**Provided information**:
+ + + + + + +
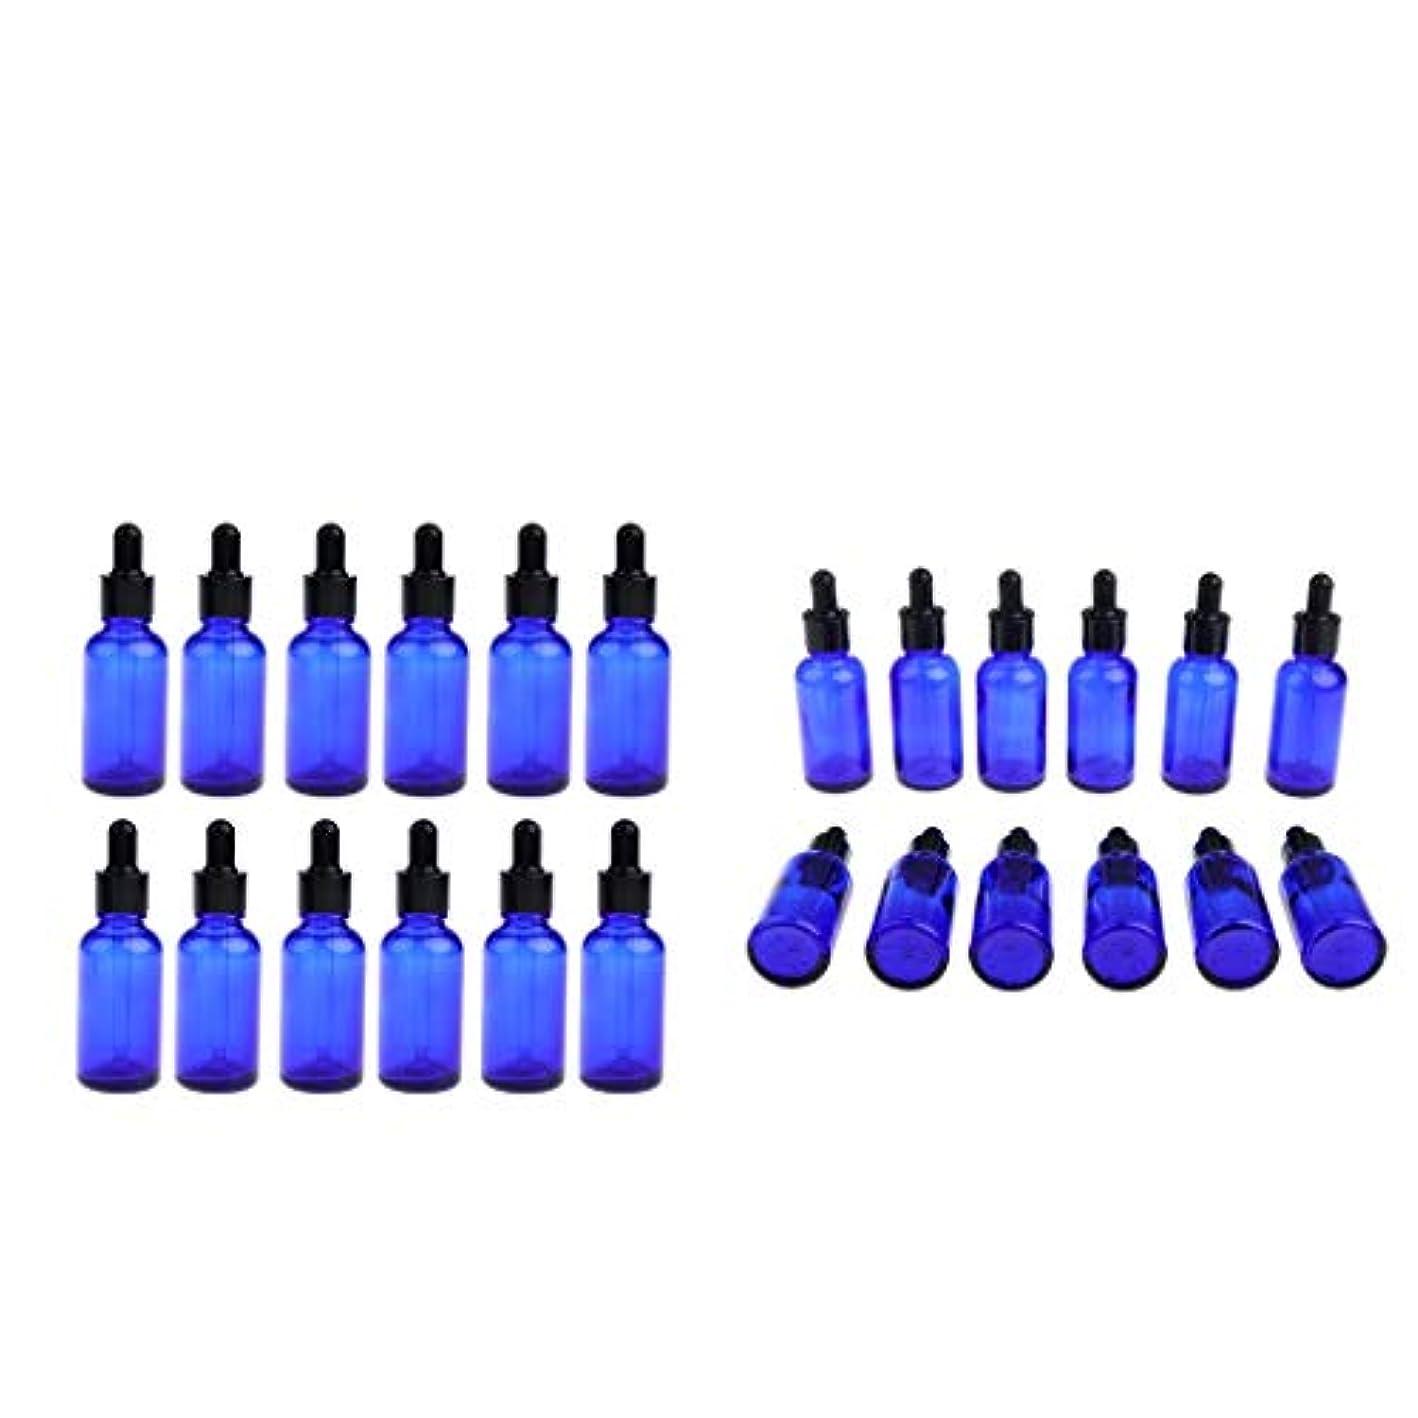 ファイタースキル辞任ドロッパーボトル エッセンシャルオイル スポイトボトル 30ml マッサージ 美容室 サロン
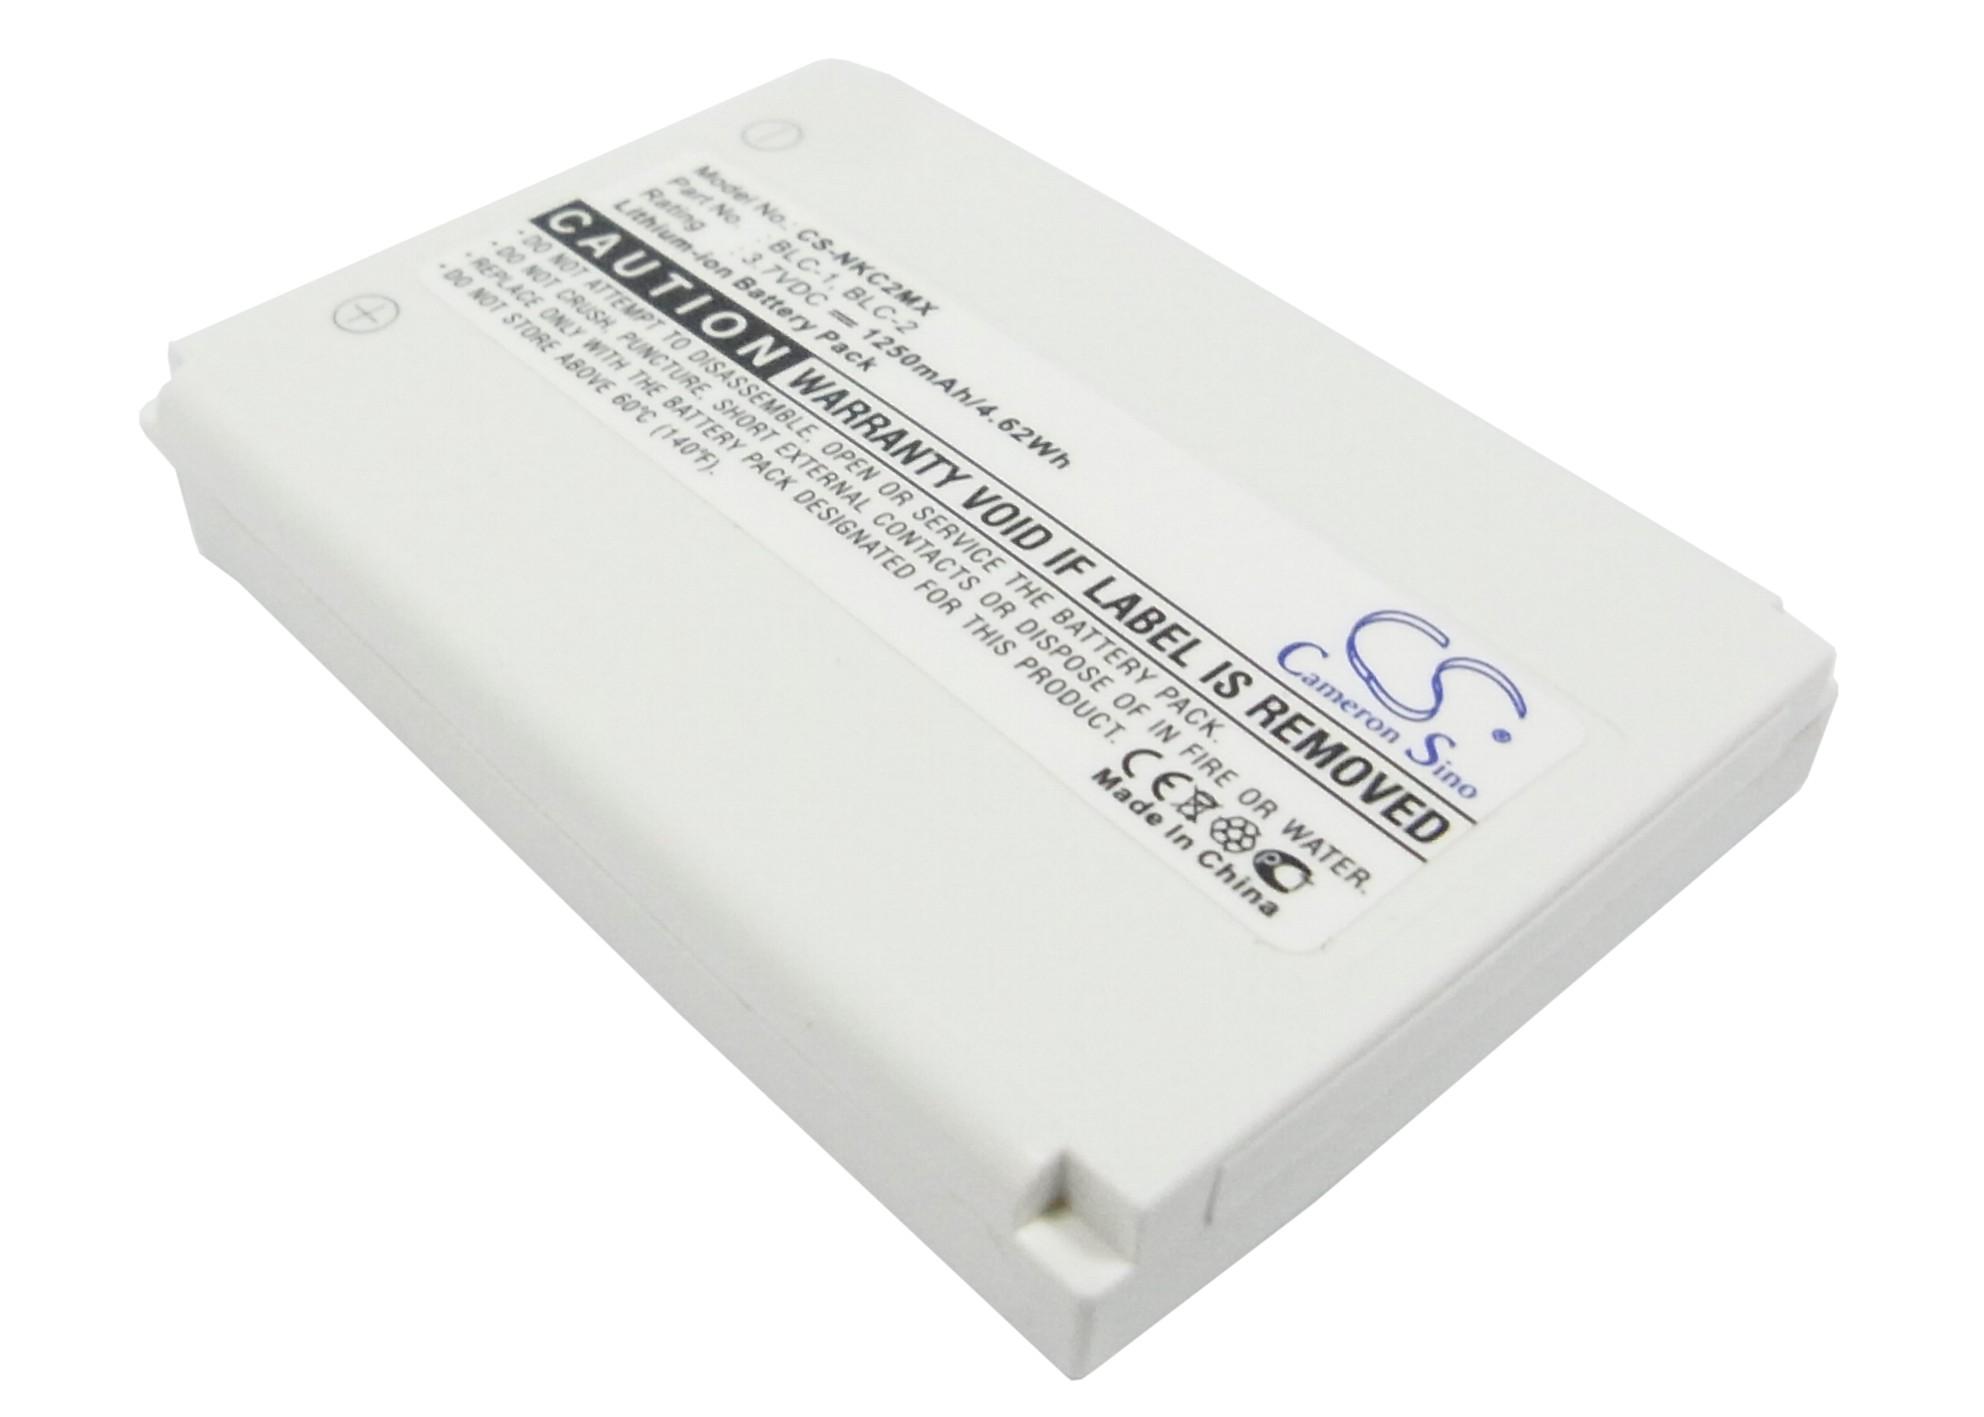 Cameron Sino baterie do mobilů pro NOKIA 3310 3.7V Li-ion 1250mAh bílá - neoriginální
+ + + + + + +
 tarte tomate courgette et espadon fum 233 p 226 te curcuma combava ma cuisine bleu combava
+ + + + + + +
Above this task is a listing with pictures in it. Retype only the lines from the one containing "ファイタースキル辞任ドロッパーボトル エッセンシャルオイル スポイトボトル" through the one containing "Cameron Sino baterie", both included, and not the pictures.

**Solution to this problem**:
 ファイタースキル辞任ドロッパーボトル エッセンシャルオイル スポイトボトル 30ml マッサージ 美容室 サロン
 Cameron Sino baterie do mobilů pro NOKIA 3310 3.7V Li-ion 1250mAh bílá - neoriginální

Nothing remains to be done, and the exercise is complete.